Слабость немного отпустила, Аня даже не заметила когда ей стало легче. Просто прошел грипп, и засиял «свет в конце туннеля». Аня без проблем поднималась по лестнице, перестала каждую минуту ложиться, уже не вытиралась полотенцем сидя. Феликс мерял ей давление и не мог нарадоваться: все пришло в норму! «Да тебя можно в космос посылать», — незатейливо шутил он, говоря каждый раз одну и ту же фразу, подчеркивая свою иронию по поводу «пышущей здоровьем» жены. Аня перестала думать о своих физических ощущениях, по примеру всех здоровых людей, воспринимая свое здоровье, как должное, не заслуживающее внимания. Она уже меньше себя ненавидела, перестала думать о себе, как о «старухе», тягостно размышляя о своей немощности и никчемности, причем не грядущей, а реальной. Только изредка, когда она оставалась одна и ей было нечего делать, она брала зеркало и из него на нее смотрела сильно пожилая женщина с почти поседевшими белокурыми волосами, крупными чертами лица, дряблым подбородком, осевшими щеками, глубокими морщинами у носа, утoнчившимися губами, и заплывшими, почему-то ставшими резко меньше, глазами с мутными белками, усеянными желтоватыми пятнами. Портрет был еще более отталкивающим, потому что в Анином лице появилось что-то грубое, недоброе, даже злое.
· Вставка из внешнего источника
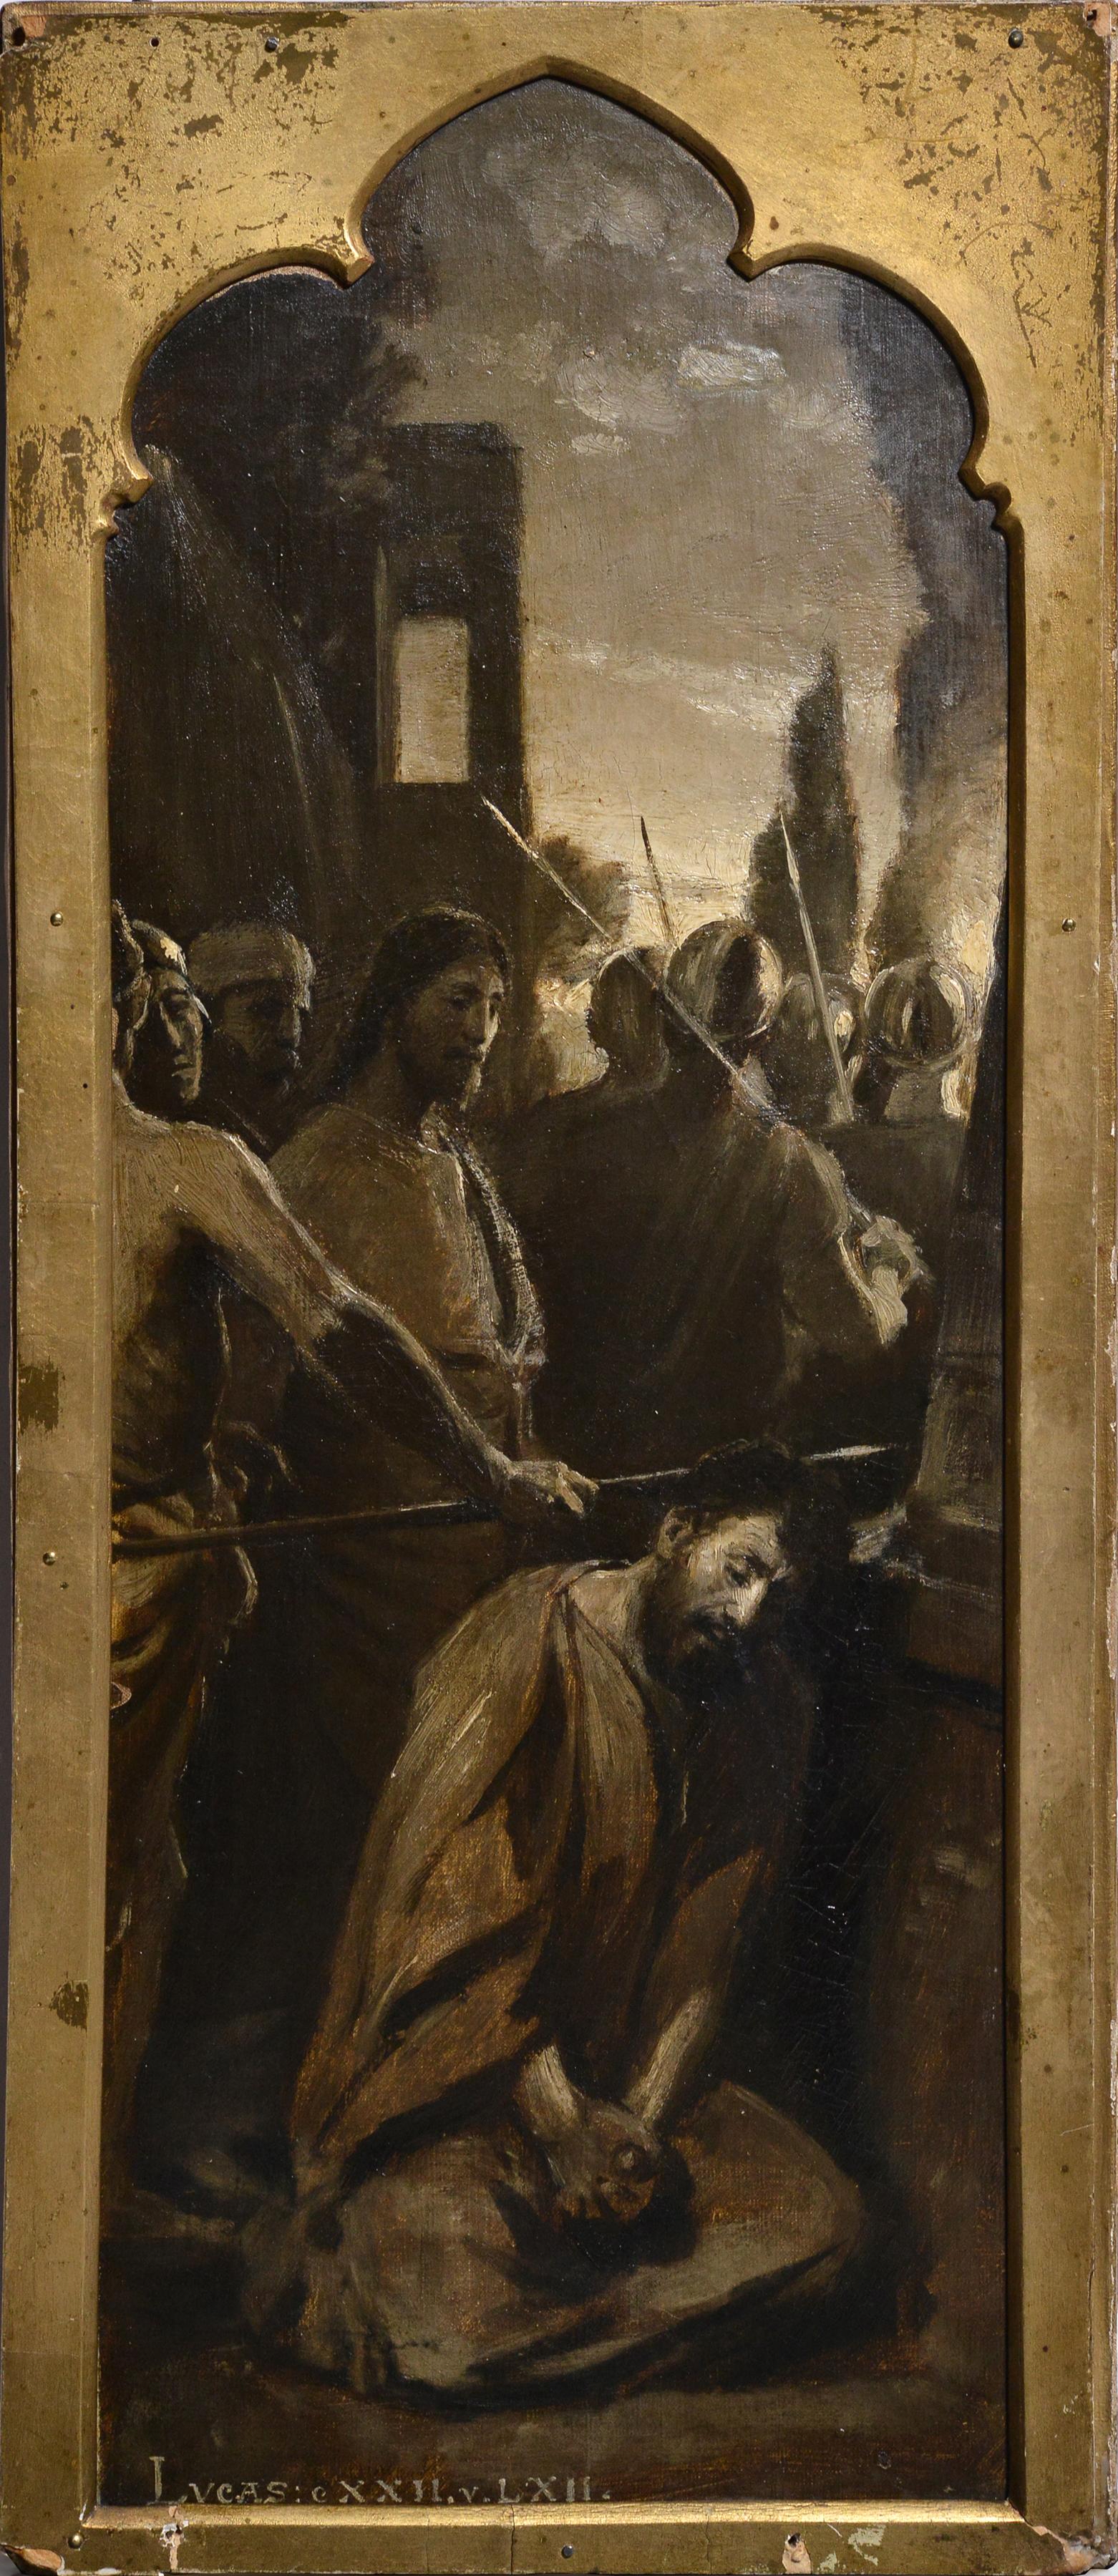 Ölgemälde auf Leinwand, Evangelische Szene am Sonnenaufgang, Jesus fing Peter zu, 19. Jahrhundert

Это лицо никак нельзя было назвать милым и мягким. Нет, оно было жестким и неприятным. «Тьфу, черт, уродка какая!» — думала про себя Аня, надо будет девкам сказать, чтобы гроб потом не открывали. «Не к чему на меня на такую смотреть». Аня всегда была настроена к себе реалистично, да, ей такое, про «гроб», приходило в голову, другим может и нет, а ей приходило: мертвые родные могут быть вполне себе «ничего», а могут ужасать. Ей не хотелось принадлежать ко второй категории. Впрочем, она никогда не была в Америке на похоронах, и как принято: открывать крышку или не открывать, Аня не знала. Может ничего детям и говорить не надо, и так не откроют, как это делали в Москве, соблюдая традицию «прощания», даже «целования дорогого покойника», выставляя напоказ восковое уже такое неживое лицо, на которое все почему-то жадно смотрели.